High inventory levels relative to its peers could mean a company is having difficulty selling its products while high receivable levels could indicate an inability to collect payments from customers. While absolute levels are important so is the trend as well as the reason behind it. For example, a company could be building inventory in anticipation of a seasonal jump in demand. Alternatively, a high level of cash might seem to be positive; but it could actually indicate the company isn’t managing its capital efficiently.
Circulating Capital vs. Fixed Capital
Circulating capital references the amount of resources in current and short-term assets, also known as the capital a company has available to fund the goods and services it produces. Fixed capital, on the other hand, refers to funds that are tied up in long-term assets rather than being consumed in the production process.
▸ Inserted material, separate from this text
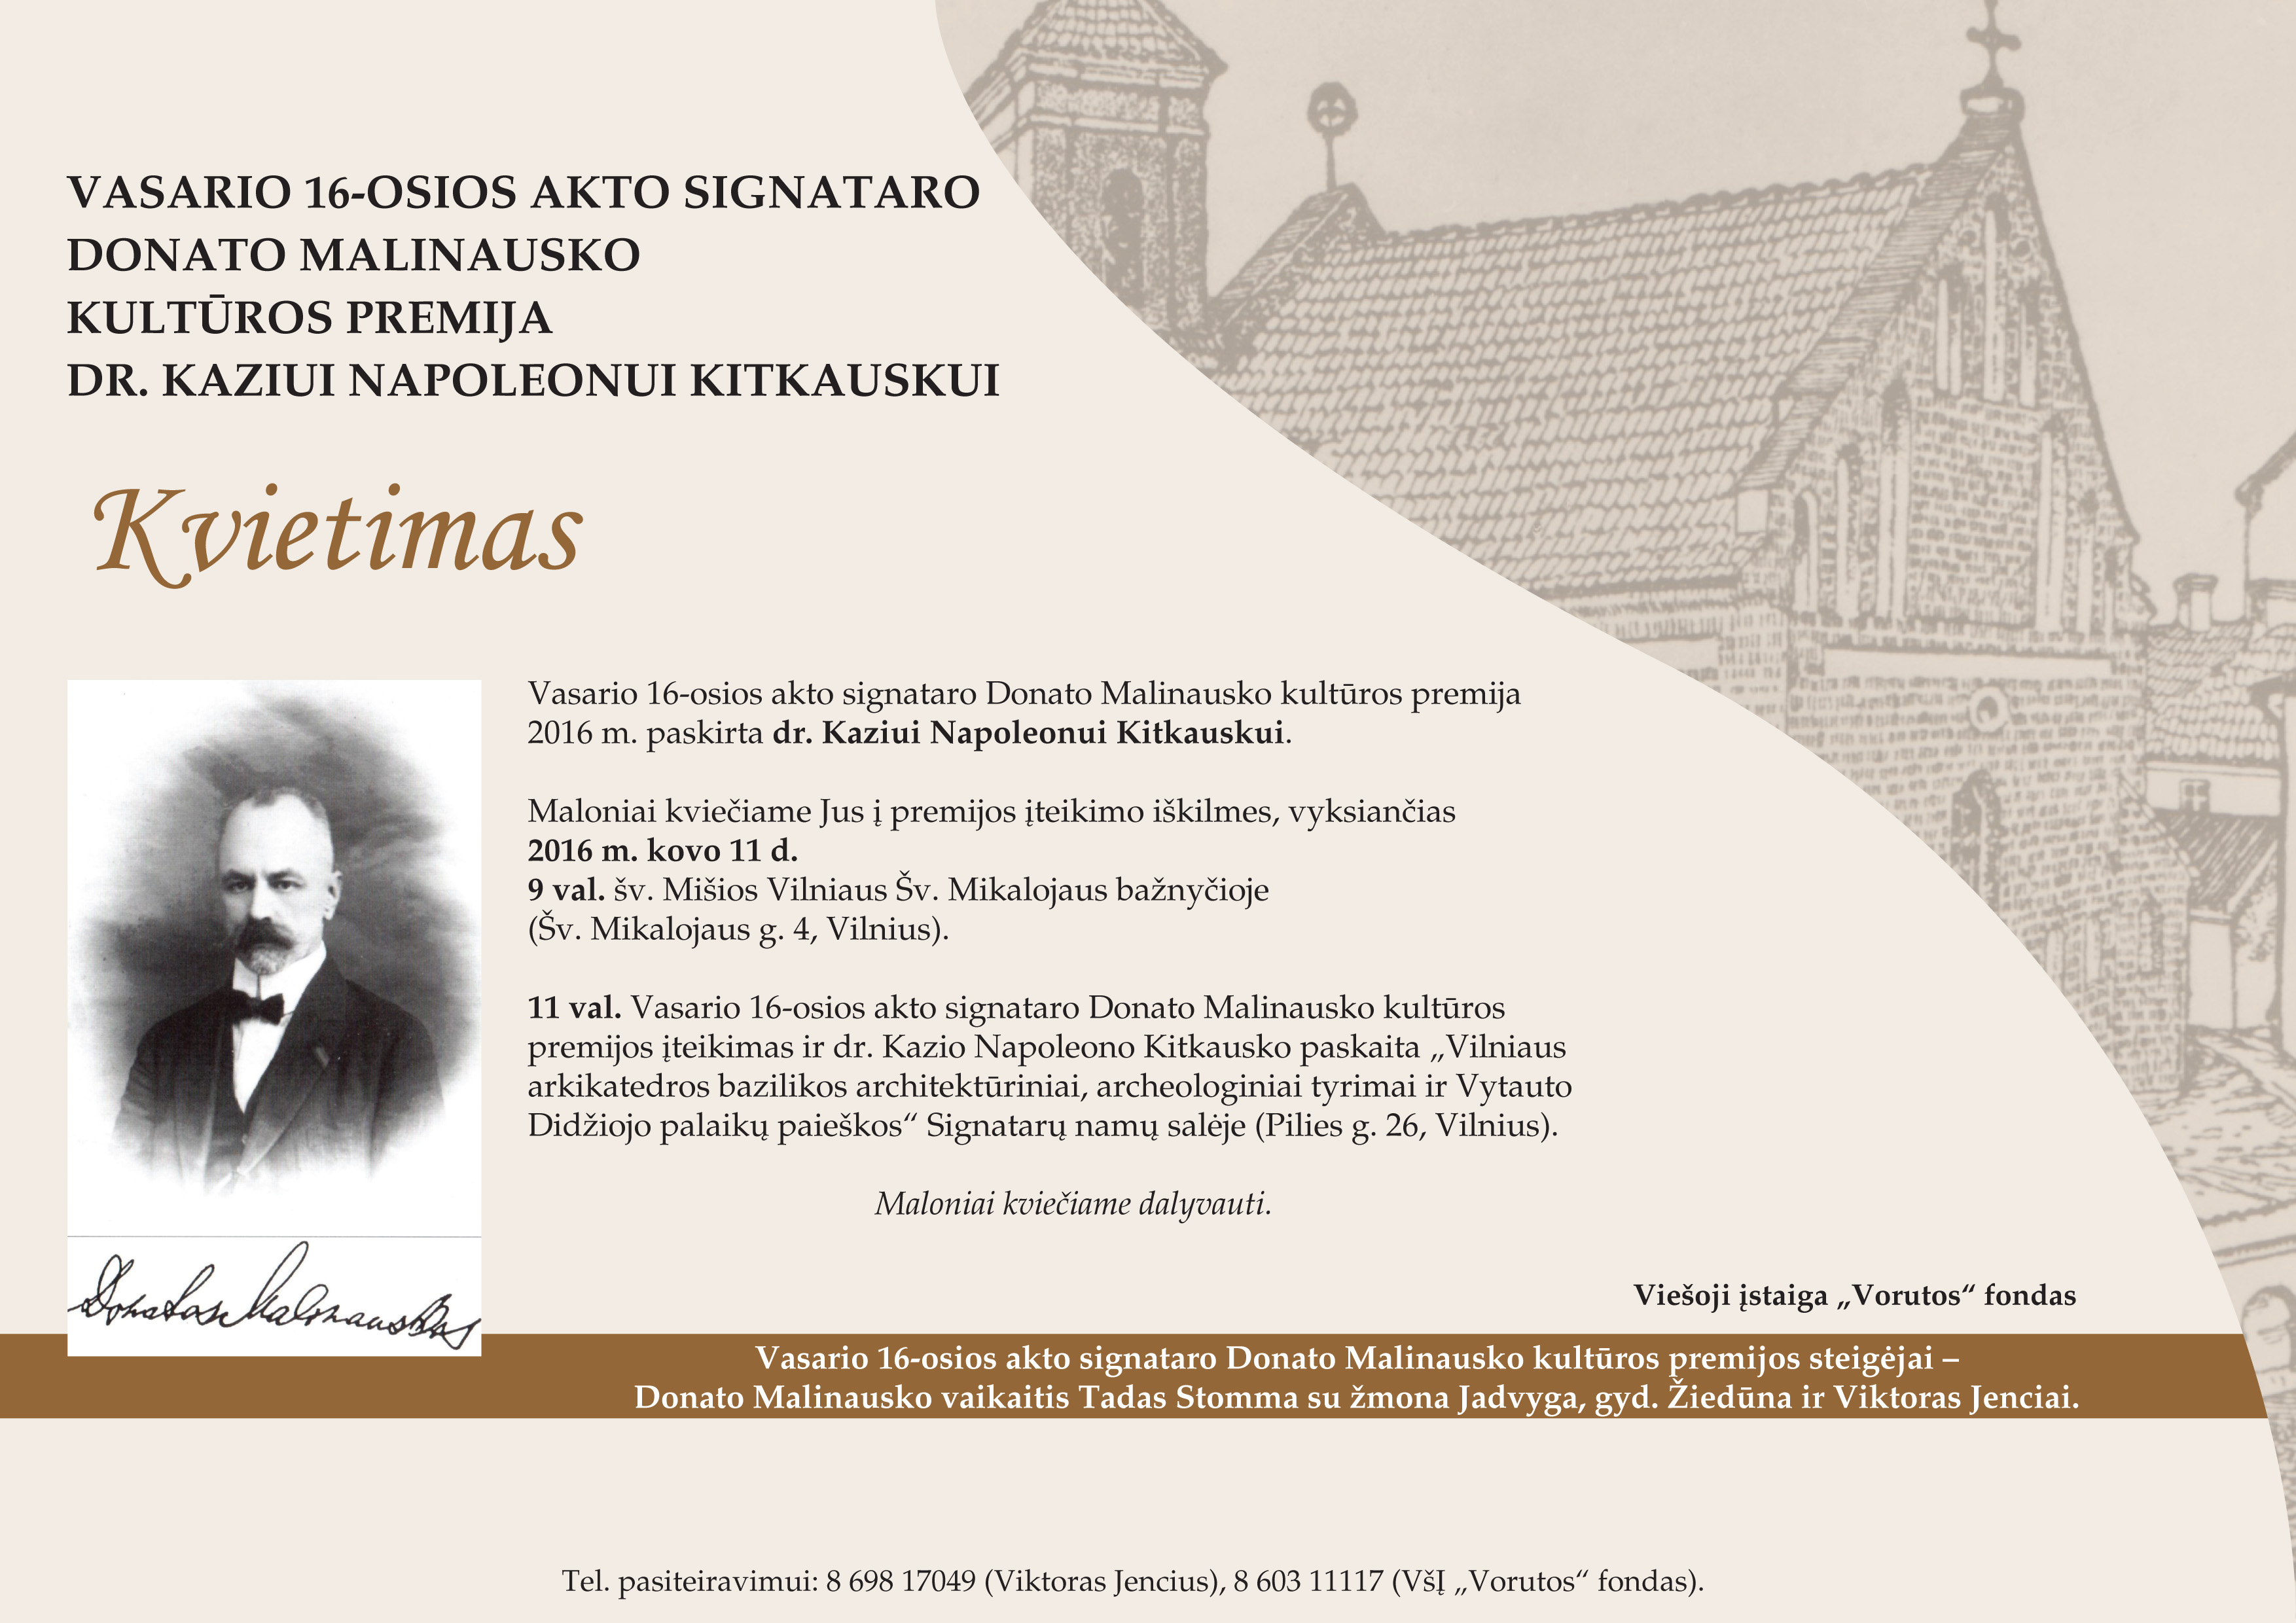 Vasario 16-osios akto signataro Donato Malinausko kultūros premija bus įteikta dr. Kaziui Napoleonui Kitkauskui

Fixed capital is also known as non-permanent capital.
Fixed capital is the money invested for longer than one production cycle (typically one year). Circulating capital typically includes current assets, while fixed capital can include fixed and long-term assets.
Economist Karl Marx theorized that fixed capital is also circulating, the circulation cycle is just longer. Meanwhile, there is a distinction between circulating capital and variable capital. Circulating capital includes inputs as well as wages and labor, meanwhile, variable capital is considered only wages.
Circulating Capital vs. Working Capital
While the two terms are often used interchangeably, they are different. Working capital is calculated as current assets less current liabilities. Meanwhile, circulating capital is mostly current assets. Working capital is a measure of liquidity.
Example of Circulating Capital
A company’s buildings, warehouses, and machinery are fixed capital. Intangible assets such as patents, brand names, and other intellectual property are also forms of fixed assets. Unlike circulating assets that are used in day-to-day business operations, very little of a company’s fixed assets can be directly attributable to its profit generation. Learning how to analyze circulating capital will give you a better understanding of how much capital a business has available to fund its short-term (one year) activities and generate profits.